The uneasiness I felt intensified as I got closer to my start date. I prayed but I also rationalized that this was so specific to my prayer that it had to be God. Didn’t it? Yes and No. Let me explain. Yes, because God wanted to teach me something about myself. No, in that the job wasn’t what He had given me as much as the lesson in obedience that came from submitting to His will.
I am thickheaded sometimes, so I rationalized and debated obsessively – is this God dealing with my spirit or is this the devil trying to confuse me? First, God is not the author of confusion (1 Corinthians 14:33). He will not create chaos. We create chaos and the devil plays in it. If it’s like a fire, we light the match and the devil throws gas on it. If it’s like a flat tire, we chose the wrong road and the devil puts the nail in our lane. for “…each person is lured and enticed by his own desire …” (James 1:14, ESV).
Anyway, as I struggled with these feelings, I felt God reveal something to me. My spirit belongs to God. I am His. From the day I accepted Jesus Christ, my soul has been protected. My heart and mind, on the other hand, are very much flesh and therefore a battleground susceptible to attacks from the enemy. If I were merely struggling with this career decision in my mind or my heart, it would have been very different. As it was, my soul was troubled, and I knew God was asking me to give up what He had provided. My responsibility was not to understand but to accept and act in obedience. I did and I found peace.

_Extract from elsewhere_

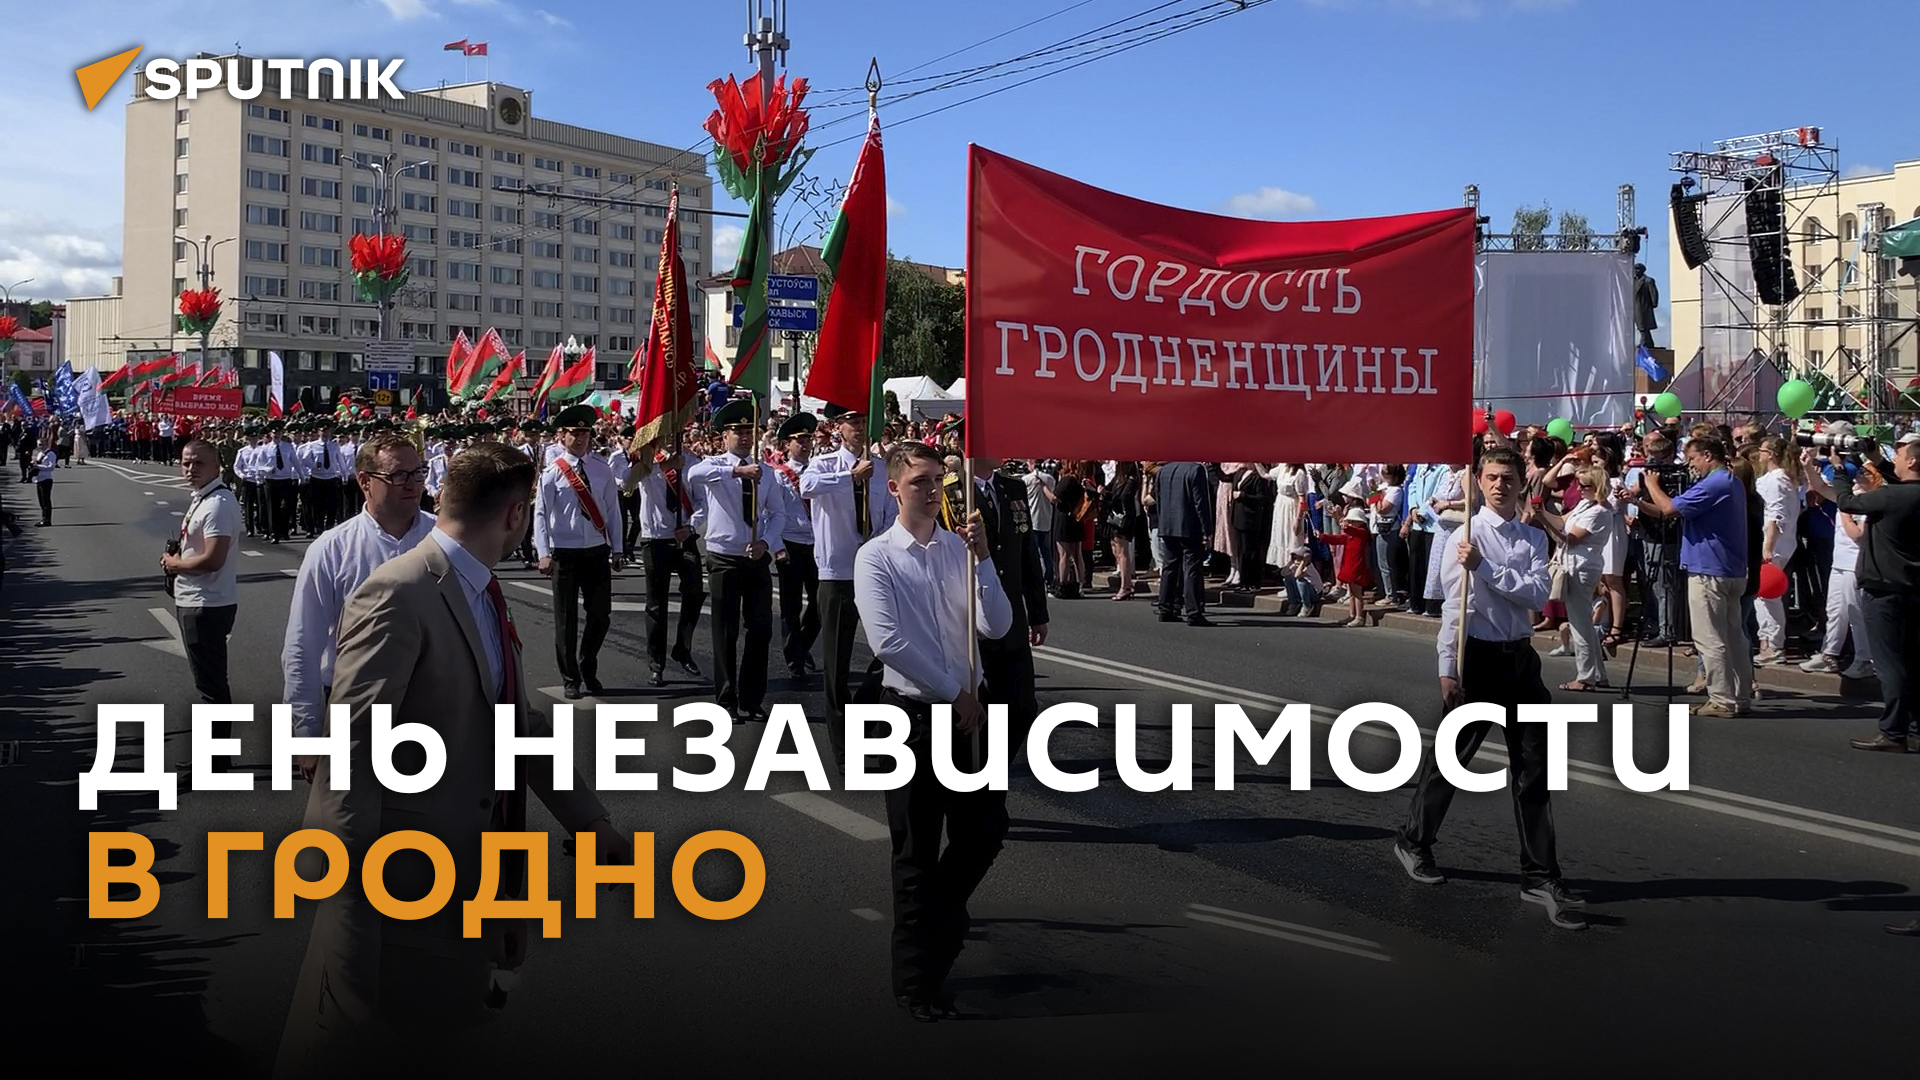 Автопарад, гулянья и концерт Николаева: День Независимости в Гродно
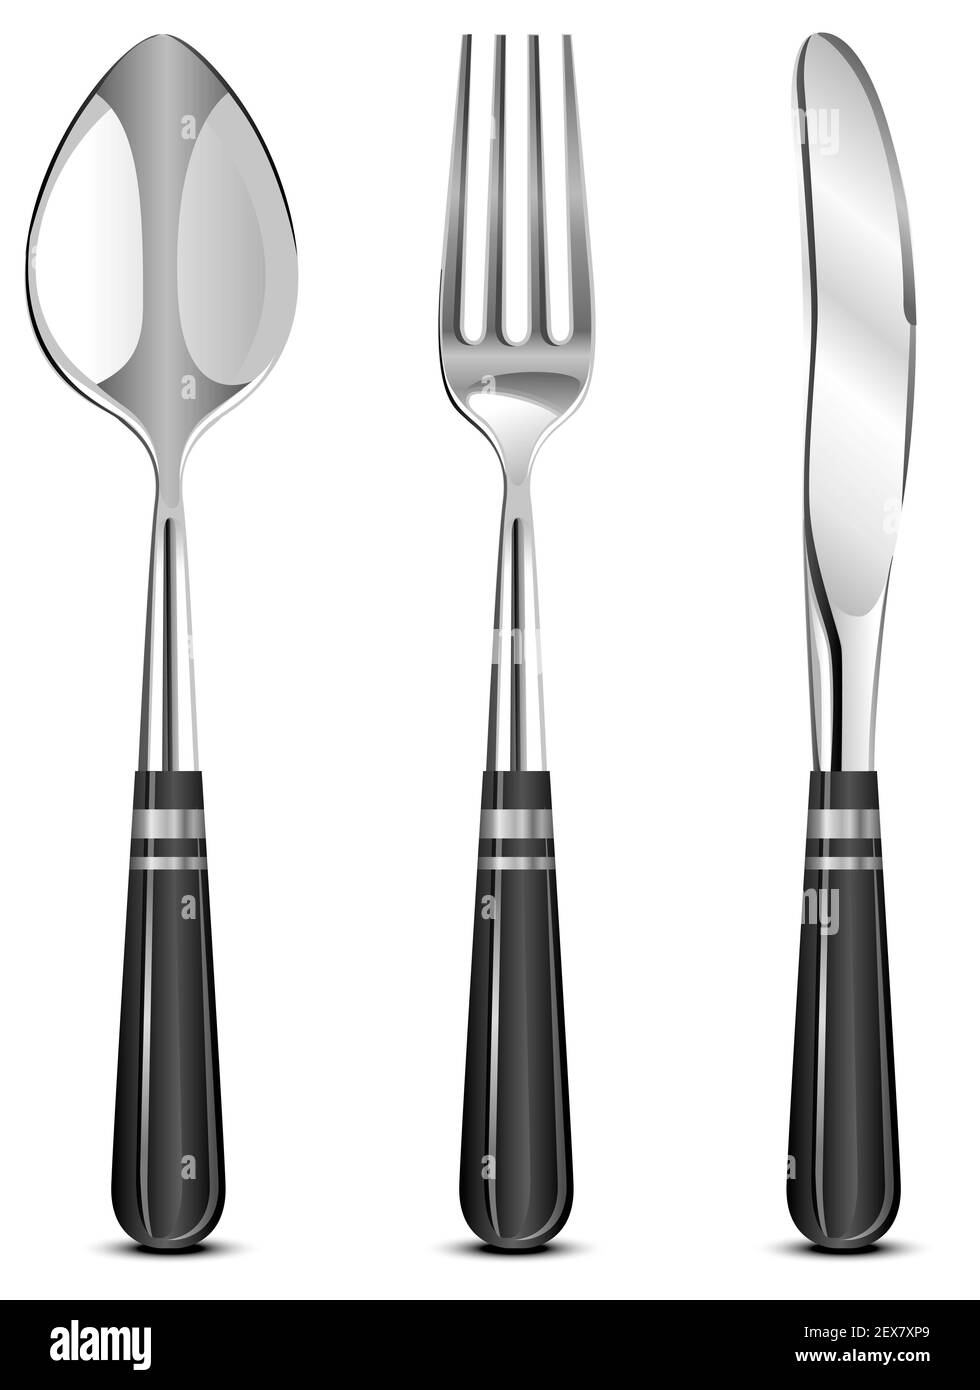 Fourchette cuillère ensemble de couteaux graphique noir blanc isolé dessin  illustration vecteur Image Vectorielle Stock - Alamy

What I had asked for was something to make me happy. It’s what I wanted. Notice a trend? There was a lot of ‘me’ and ‘I’ in this pursuit. It was a good opportunity with a Christian company, but even good things can be selfish if not pursued in service to Christ and to others. The career was a ministry but not the one that I have been called to.
It is a beautiful thing when we realize that God has called us as individuals. Ministry is not a one size fits all endeavor. Every Christian is called to a ministry that they are specifically designed to fulfill. My ministry involves writing, speaking, and coaching. Someone else has a ministry within the food industry or in retail. Whatever we are called to do let us, “…work heartily, as for the Lord…” (Colossians 3:23).
Oftentimes, God gives us what we ask for and other times He gives us lessons and opportunities to demonstrate obedience. Sometimes, if we are very blessed, God gives us both.